The current weather in Munich, Germany is 45.7°F with a wind speed of 17.7 km/h coming from 264° direction.
The same test with Llama2 was unsuccessful as it hallucinated the first call, in which LangChain creates the URL, adding some unexpected parameters.
Behind the scenes
Another super interesting tool from the LangChain suite is called LangSmith, which allows you to monitor and profile all model invocations. In addition to this, it allows you to do many other things, such as:
- advanced debugging
- continuous evaluation of the AI application through pre-defined datasets and evaluation criteria
- tracing annotations, in order to collect user feedback within the application
- many other features for monitoring and improving LangChain applications
Using LangSmith, you can see the overall process and the underlying LLM invocations.

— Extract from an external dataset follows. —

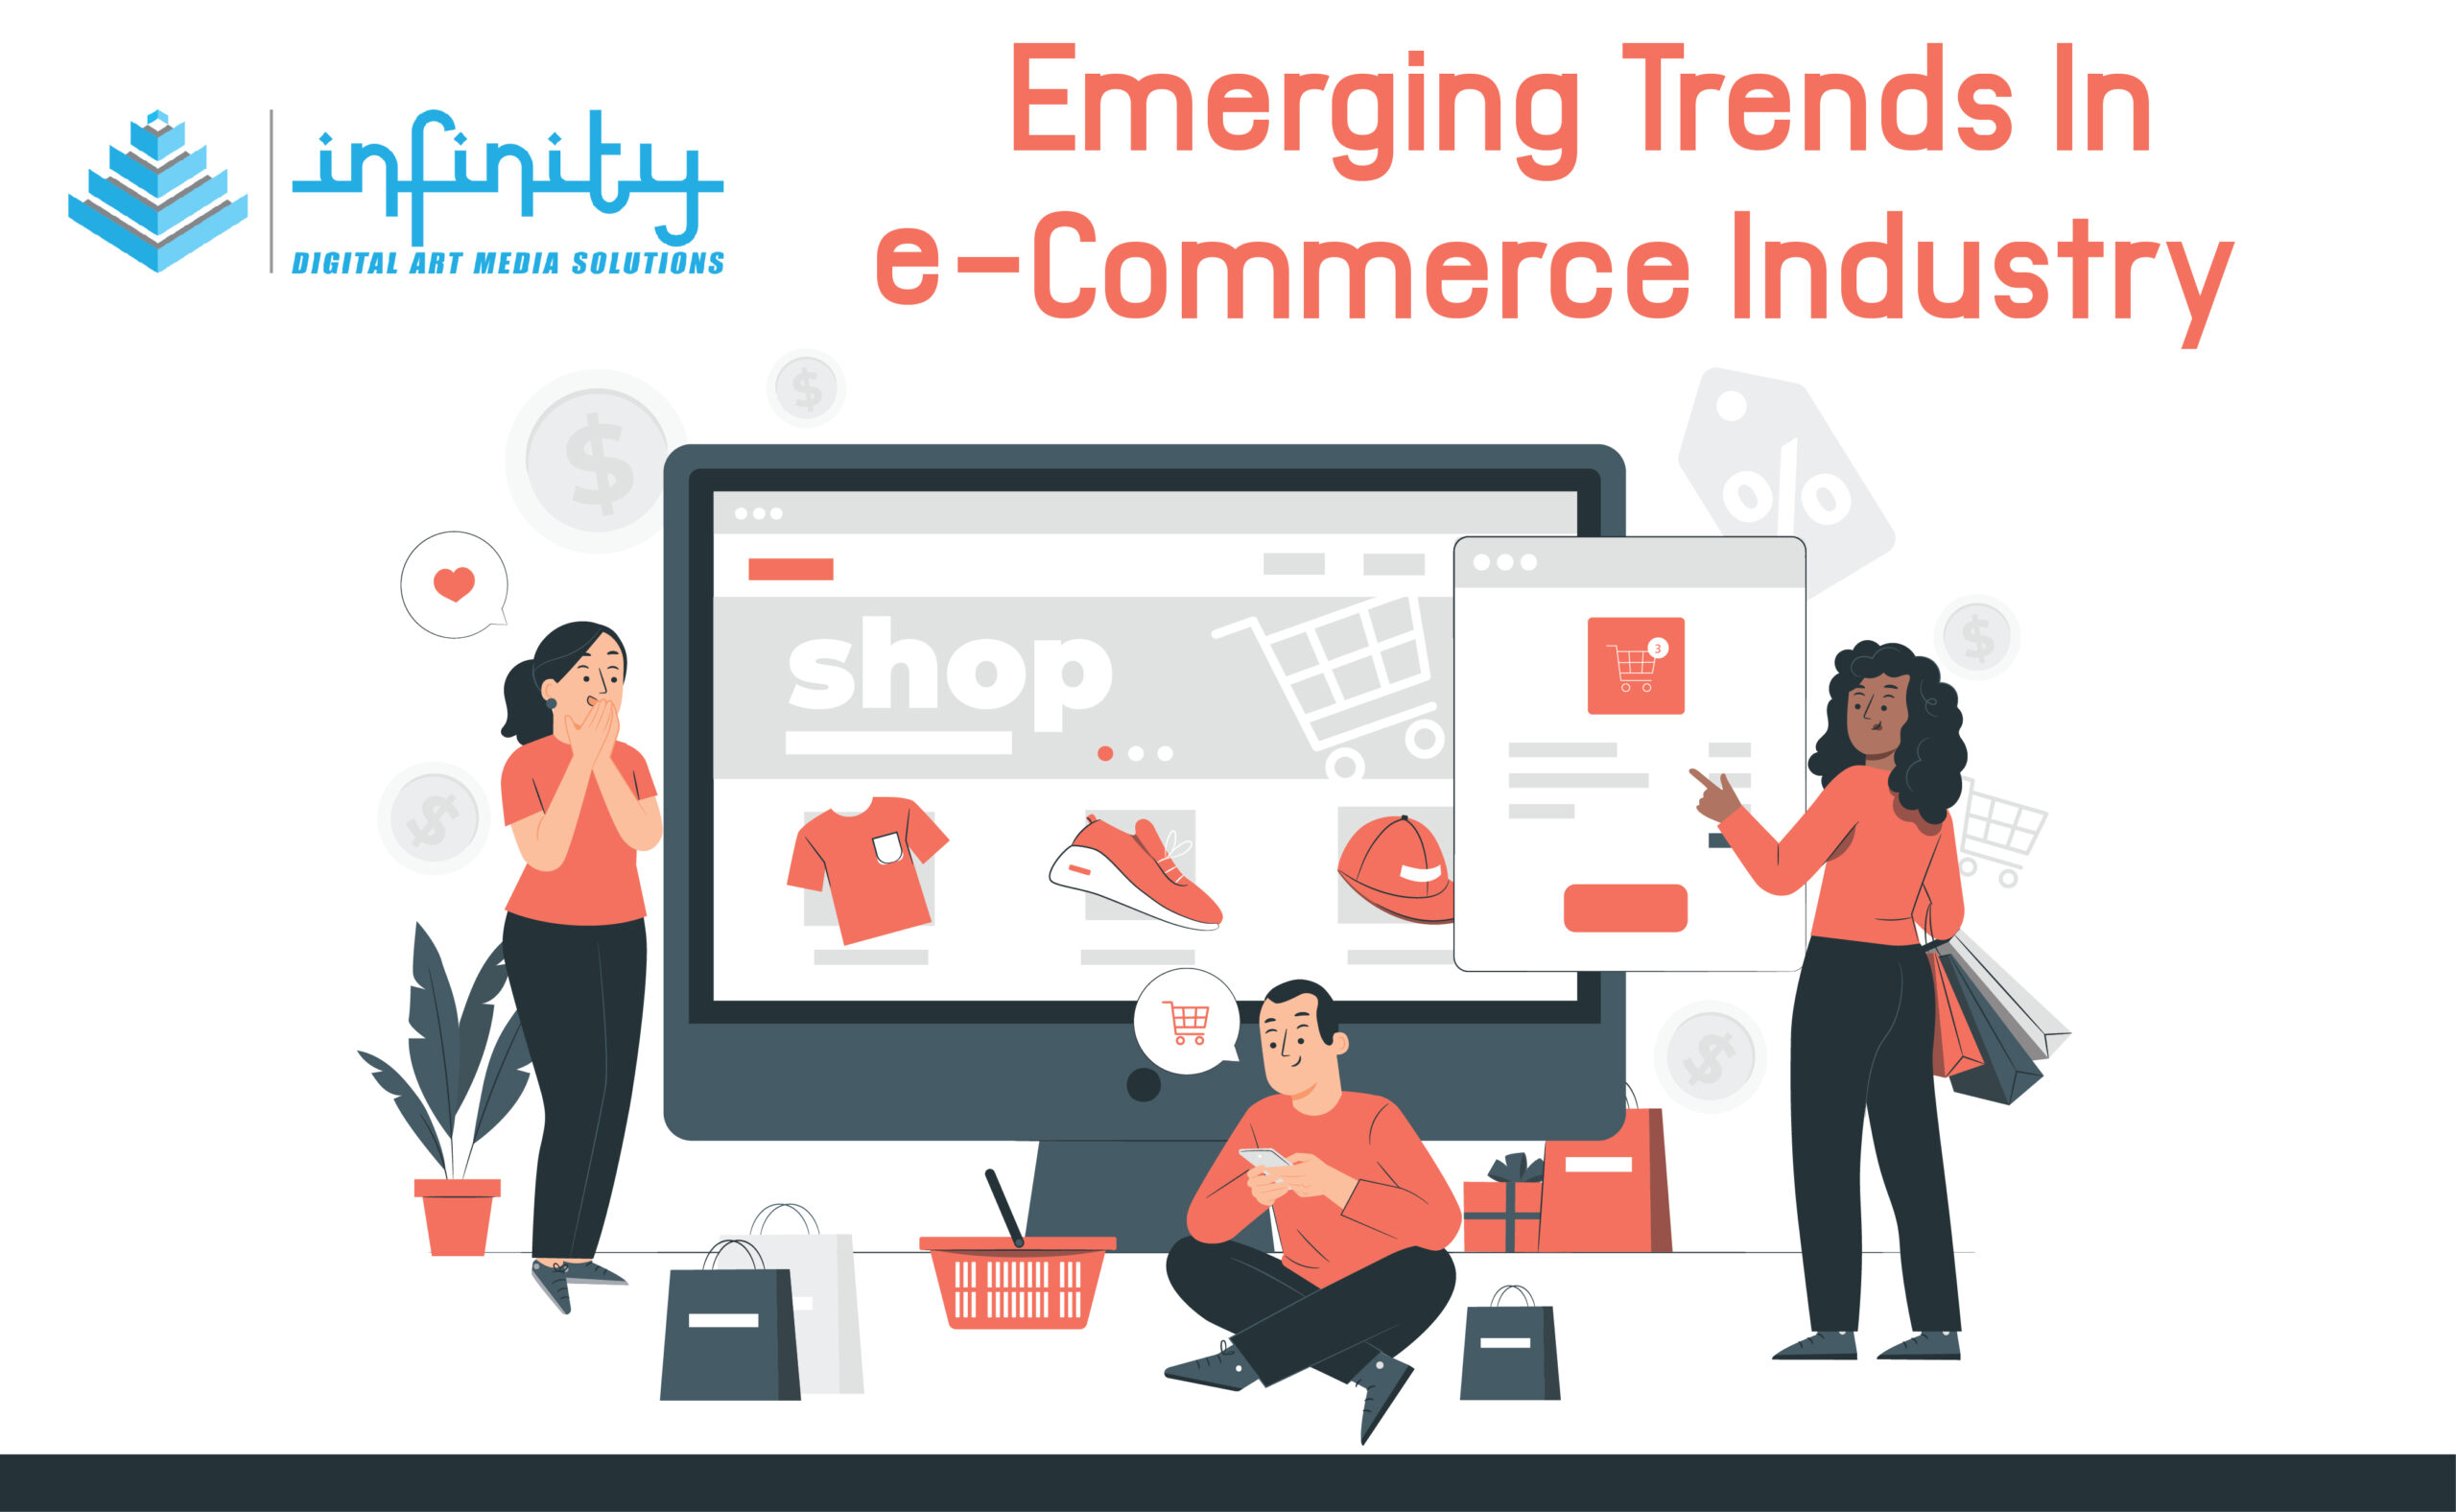 e-commerce industry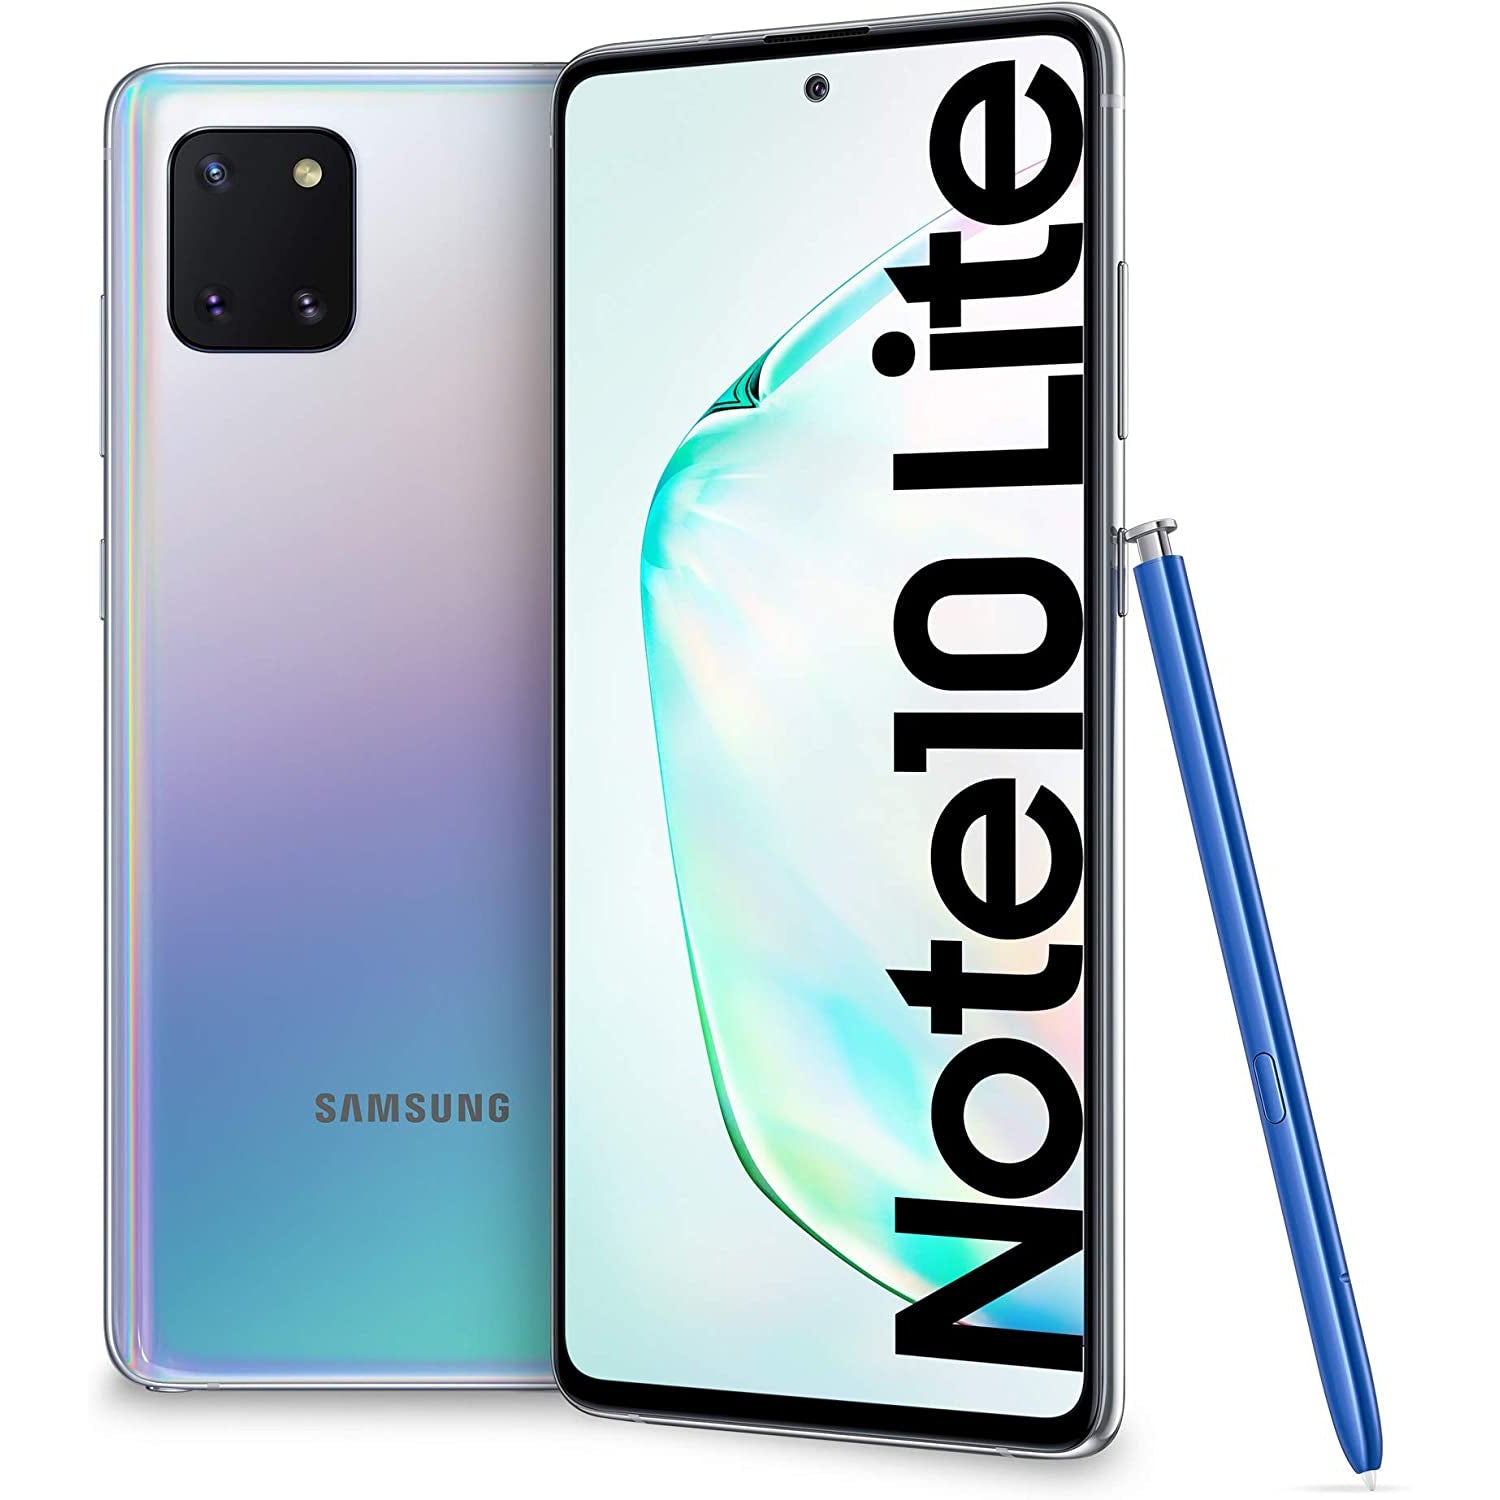 Samsung Galaxy Note 10 Lite Smartphone with S Pen, 6.7", SIM Free, 128GB, Silver

In the image above you can clearly see the invocation tree, identified by the root “APIChain”, which is made of 2 LLM child chains, each one calling the OpenAI Chain. You can also see useful information like the number of used tokens and the estimated cost for each LLM invocation.
If you click on the items, you can also see the actual prompt and the response for each LLM invocation.
Final thoughts
If you take a look at the LangChain source code and LangSmith profiling tools you can clearly see there is no rocket science under the hood, cause it’s mostly implemented through Prompt Engineering techniques. Nevertheless these tecniques allow extremely powerful integration between new AI applications and traditional systems.
In my opinion, it is one of the clearest examples of how today we can (and perhaps we should) review the human/machine interaction in terms of integration between well-specified formal systems with predictable behavior (e.g. any traditional software system in the company) and natural language.
LangChain and other frameworks allow you to do something similar even at a lower level, for example by querying a database in natural language and using an LLM to generate the underlying queries. Even ignoring performance and scalability issues, this approach is good in theory but, based on my experience, there are several practical problems that make me think it is not really applicable but in some specific scenarios, since in most cases you’ll find application layering and poor or missing data catalogs. Conversely, enterprise APIs usually speak a Business-related language and have self-descriptive metadatas.